MAUNDY THUSRDAY 2008


“To forgive is to set a prisoner free and discover that the prisoner was you.” - Lewis B. Smedes

This week is Holy Week for the Orthodox people and Orthodox Easter is this Sunday. Today is Maundy Thursday or Holy Thursday, which is the Thursday before Easter Sunday, observed by Christians in commemoration of Christ's Last Supper. The name Maundy is derived from mandatum (Latin, "commandment"), the first word of an anthem sung in the liturgical ceremony on that day. Another derivation is from the Latin mundo, "I ritually cleanse," referring to Christ's washing the feet of the apostles.

In many churches, the Eucharist is celebrated in a liturgy that includes Holy Communion. During the Roman Catholic liturgy, the ceremony of the washing of the feet, or pedilavium, is performed: the celebrant washes the feet of 12 people to commemorate Christ's washing of his disciples' feet. In England a custom survives of giving alms ("maundy pennies") to the poor; this recalls an earlier practice in which the sovereign washed the feet of the poor on Maundy Thursday. In most European countries, the day is known as Holy Thursday.

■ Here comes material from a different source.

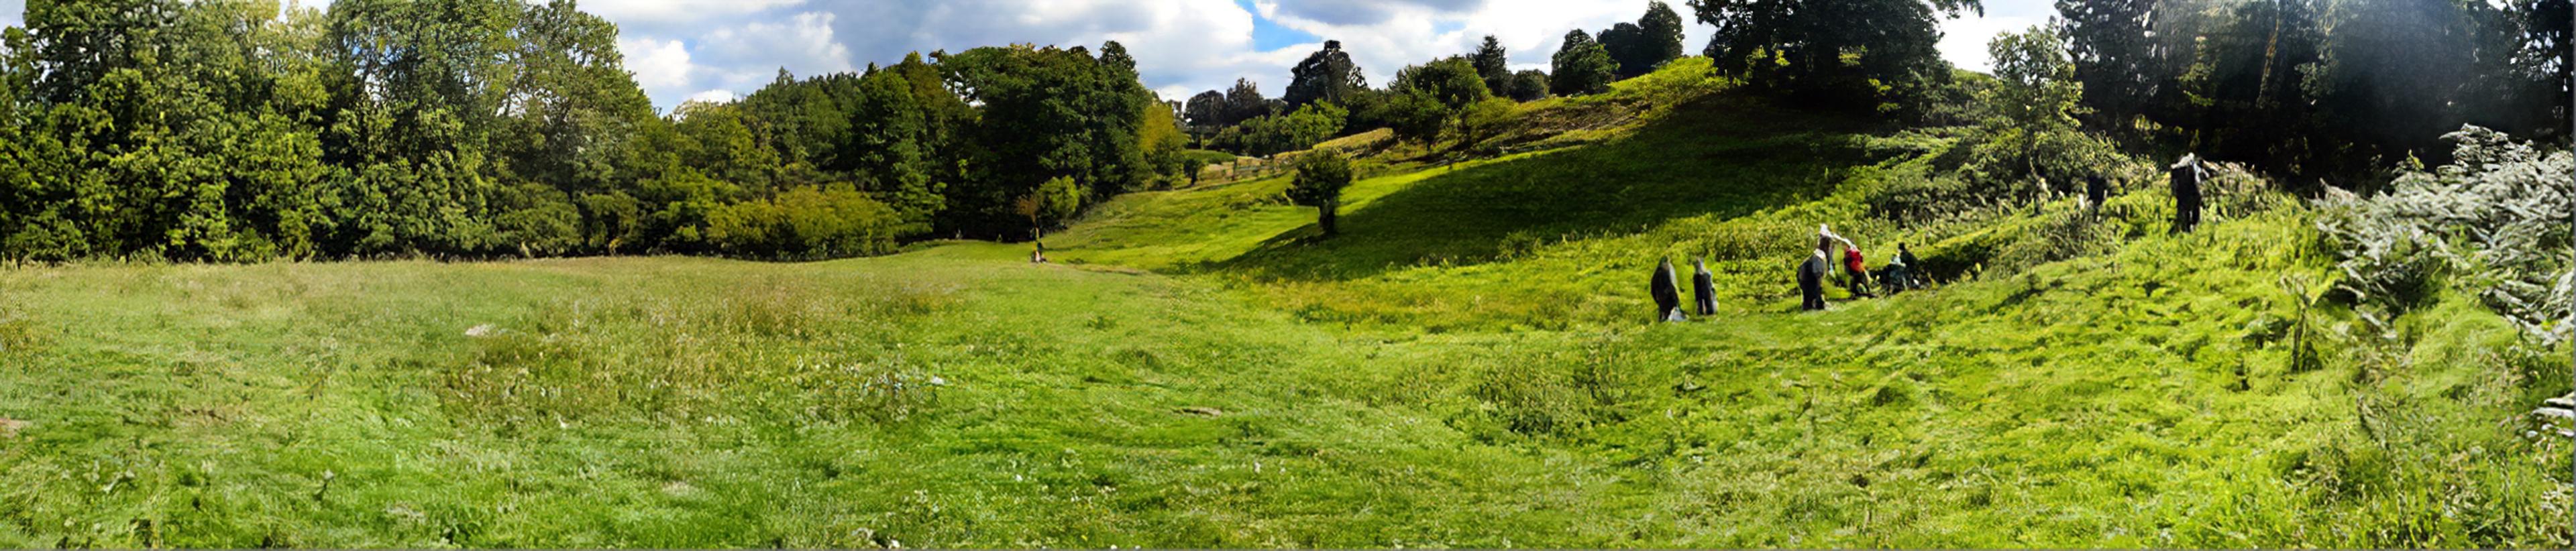 Snuffmill wet meadow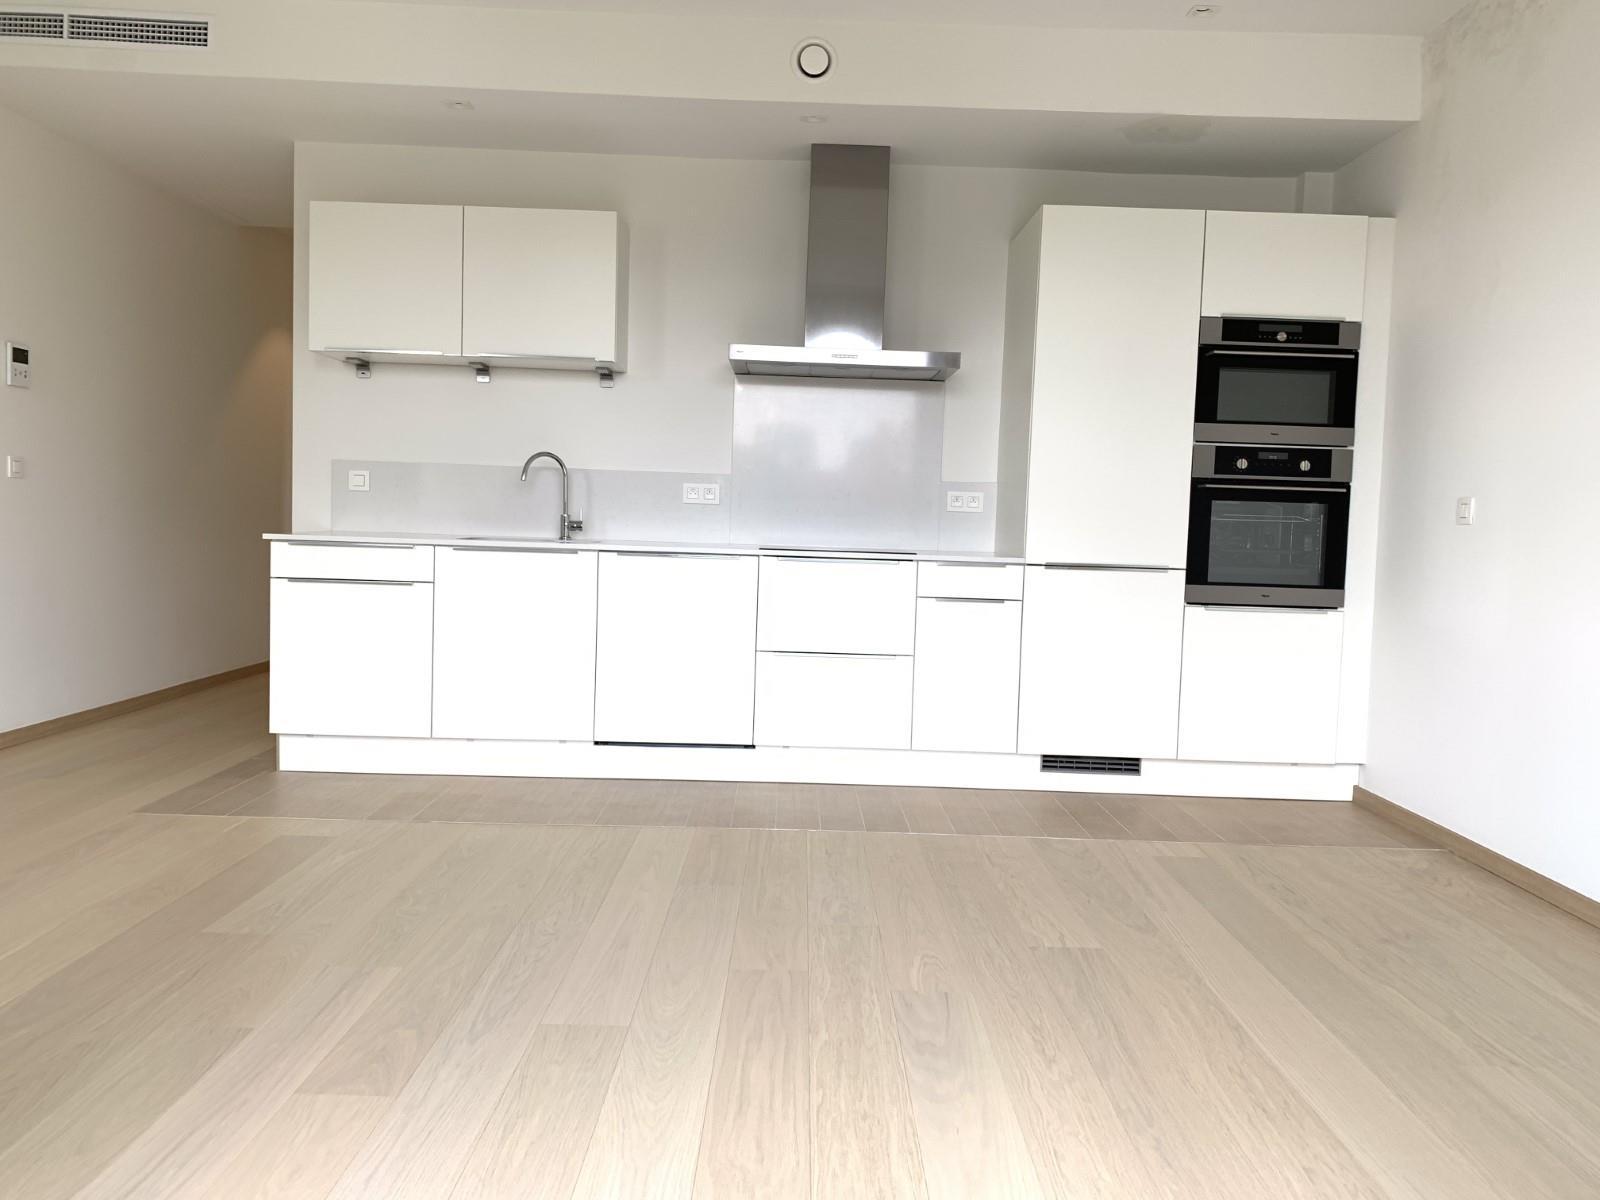 Appartement exceptionnel - Ixelles - #3851269-1

The feast of Maundy (or Holy) Thursday solemnly commemorates the institution of the Eucharist, where Christ blesses bread and wine which miraculously transubstantiate .This is the oldest of the observances peculiar to Holy Week.

Eucharist |ˈyoōkərist| noun
The Christian ceremony commemorating the Last Supper, in which bread and wine are consecrated and consumed.
• the consecrated elements, esp. the bread.
The bread and wine are referred to as the body and blood of Christ, though much theological controversy has focused on how substantially or symbolically this is to be interpreted. The service of worship is also called Holy Communion or (chiefly in the Protestant tradition) the Lord's Supper or (chiefly in the Catholic tradition) the Mass. See also consubstantiation , transubstantiation .
DERIVATIVES
Eucharistic |ˌyoōkəˈristik| |ˈˈjukəˈrɪstɪk| |-ˈrɪstɪk| adjective
Eucharistical |ˌyoōkəˈristikəl| |ˈˈjukəˈrɪstəkəl| |-ˈrɪstɪk(ə)l| adjective
ORIGIN late Middle English : from Old French eucariste, based on ecclesiastical Greek eukharistia ‘thanksgiving,’ from Greek eukharistos ‘grateful,’ from eu ‘well’ + ‘offer graciously’ (from kharizesthaikharis ‘grace’ ).

Salvador Dalí’s 1955 painting of “The Last Supper” is shown above.